Adalah sent a letter on 17 June 2017 to Israeli Public Security Minister Gilad Erdan, Attorney General Avichai Mandelblit, and to officials at Tel Aviv's central bus station demanding they act to stop the policy of racial profiling and detention carried out by the station's private security personnel.

 

Security guards employed by the Avidar company received a verbal directive from company management to detain Arab passengers entering the bus station who are not carrying identification, on suspicion that they are "illegal aliens", i.e. Palestinians from the West Bank in Israel without Israeli-issued entry permits. According to Avidar's regulations, guards are ordered to detain the passengers until Israeli police arrive: "The directive is that every M ["minority" – a euphemism used to specify Palestinian Arab citizens of Israel] without identification is detained until police arrive."

 

Translation of Whatsapp messages from Avidar supervisor to security guard: "I am informing you that the directives are detention of M [minorities] without identification until police arrive.

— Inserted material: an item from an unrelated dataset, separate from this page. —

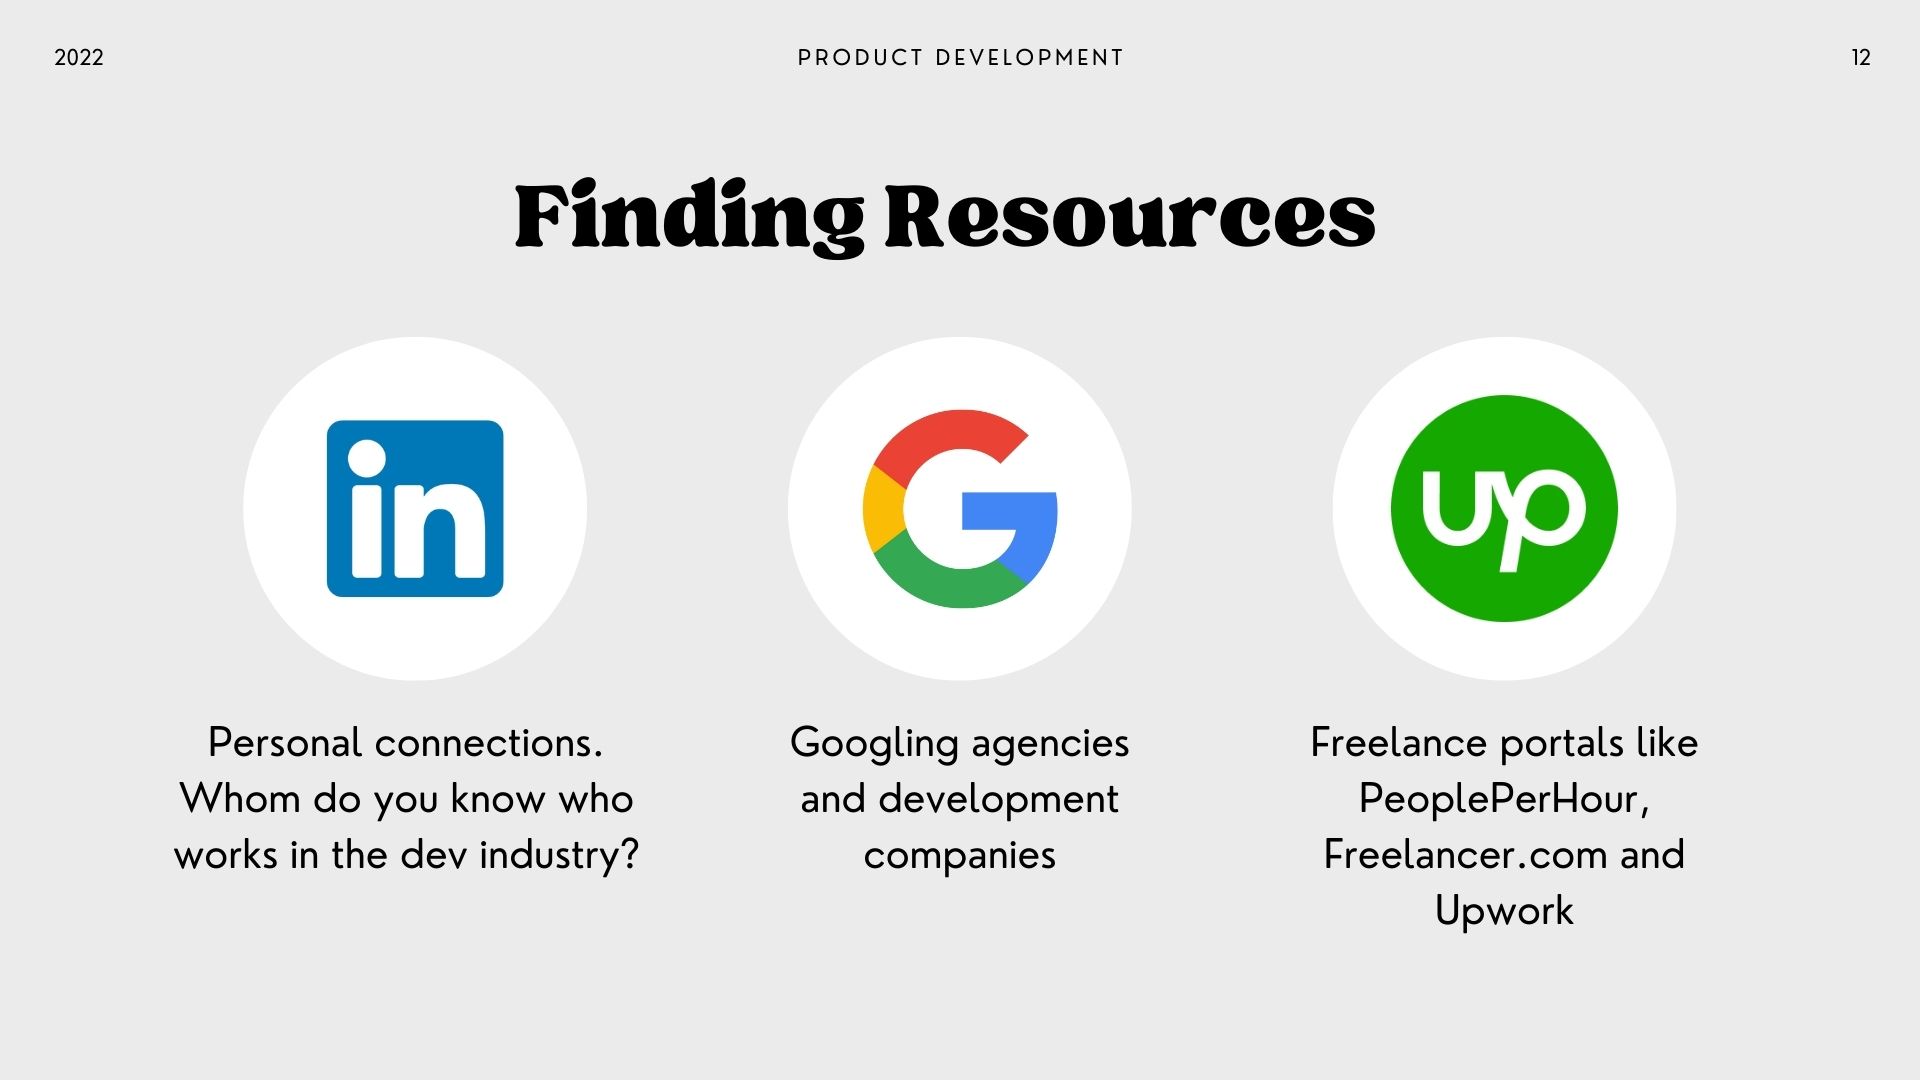 An image showing logos for LinkedIn, Google and Upwork for finding resources such as developers
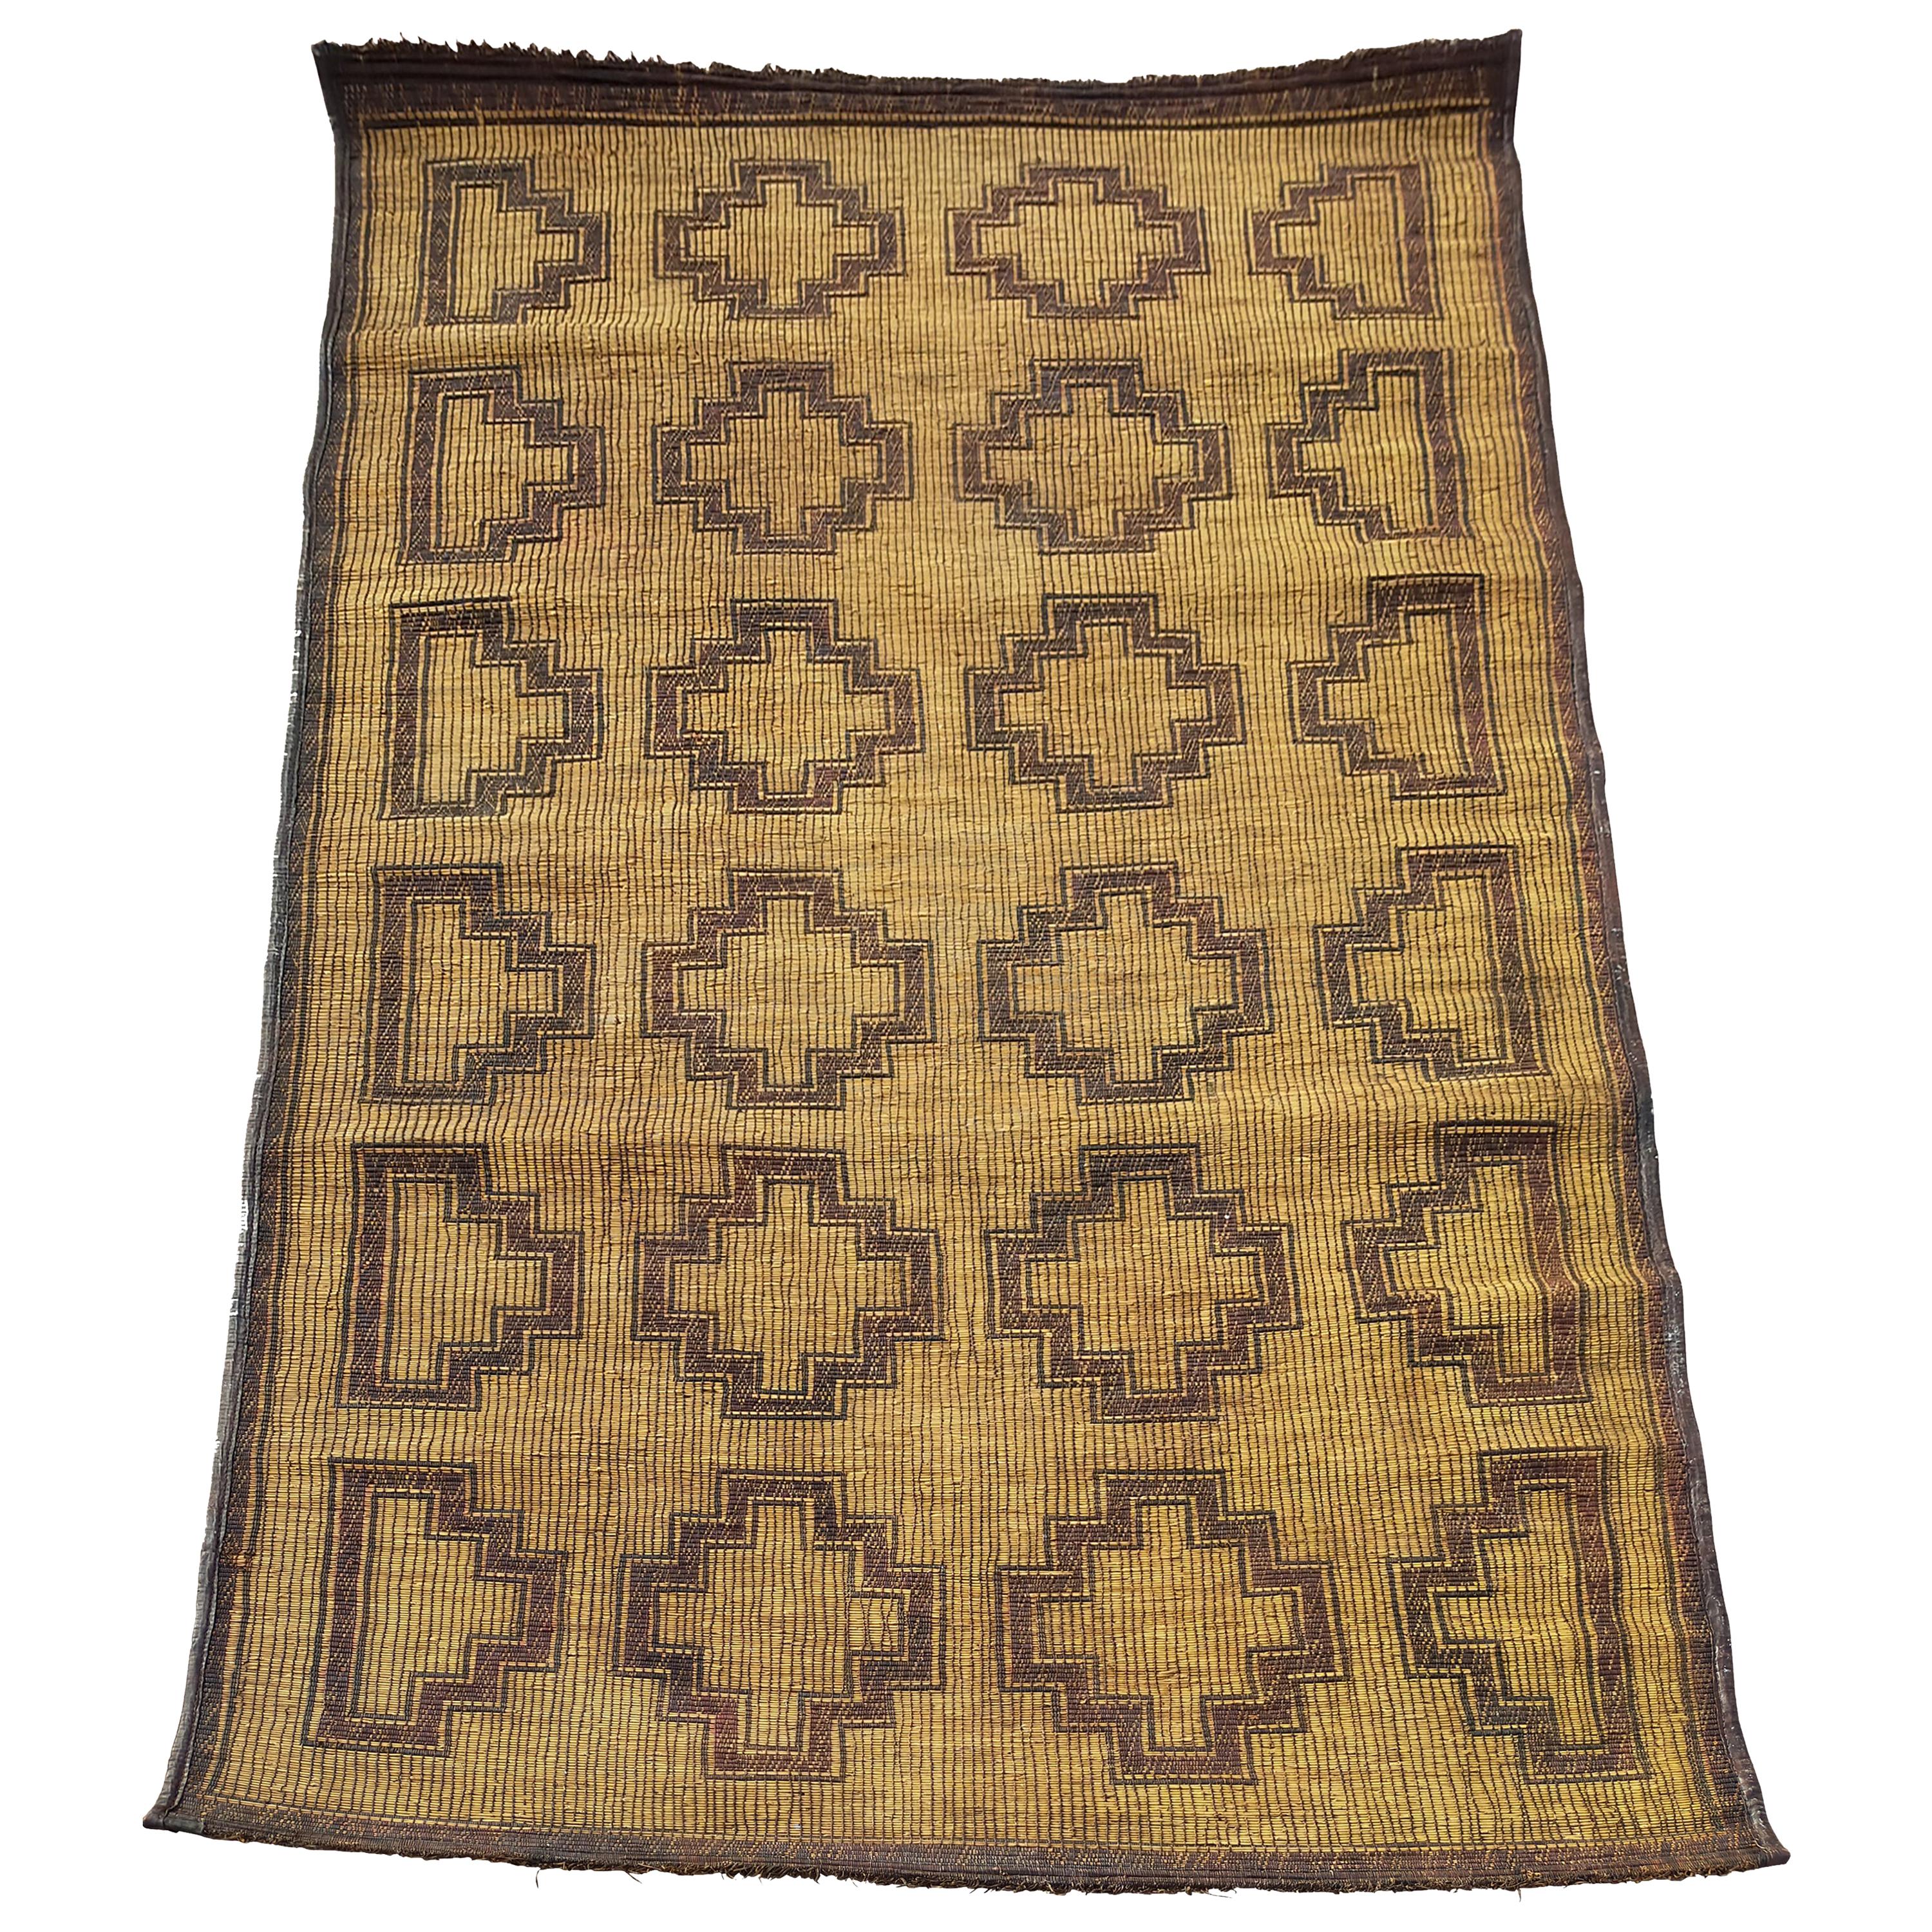 Mauritania Mat from Sahara in Palm Wood and Leather, Mid-Century Modern Design

These are the directives. I don't need any legal advice. Send the correction [of the directives] now. I really hope you operate according to these directives."

 

In his letter, Adalah Attorney Fady Khoury stressed that Avidar's policy is illegal:

 

"The detention of passengers and the demand that passengers produce identification in order to enter the station – even when a check reveals that the passenger is not carrying a weapon – constitute an extreme deviation from the authorities provided by law intended to ensure public safety… The authority of security guards to detain is limited to cases in which, during the course of a check of a passenger at the central bus station entrance: a weapon is discovered; there exists reasonable suspicion that the concerned individual is carrying an illegal weapon; or the individual is about to use a weapon. There is no law that authorizes station security guards to detain for anything other than these reasons."

 

Attorney Khoury further emphasized:

 

"The denial of an individual's liberty via detention without legal authority is tantamount to assault."

 

Adalah's letter also noted the racist nature of the practice:

 

"The demand for passengers to provide identification is not universal but rather stems from a policy of national [ethnic] profiling based upon the physical appearance of those passing through the station's gates. This policy is fundamentally unacceptable as it uses ethnic/national affiliation as an indication of increased suspicion rather than the characteristics of individual passengers… This policy – and the resulting practice – is racist in nature."

 

The Avidar security company responded to Adalah's letter on 26 June 2017 as follows:

 

"Avidar rejects your claims regarding (alleged) racist or discriminatory conduct on the part of its employees directed at the Arab public or minorities in general at the central bus station site."

 

Attorney Khoury said in response to Avidar's denial:

 

"Avidar's denial of this policy – despite the evidence we have produced – is surprising. The company must act immediately to clarify procedures and direct its guards to act in accordance with the law."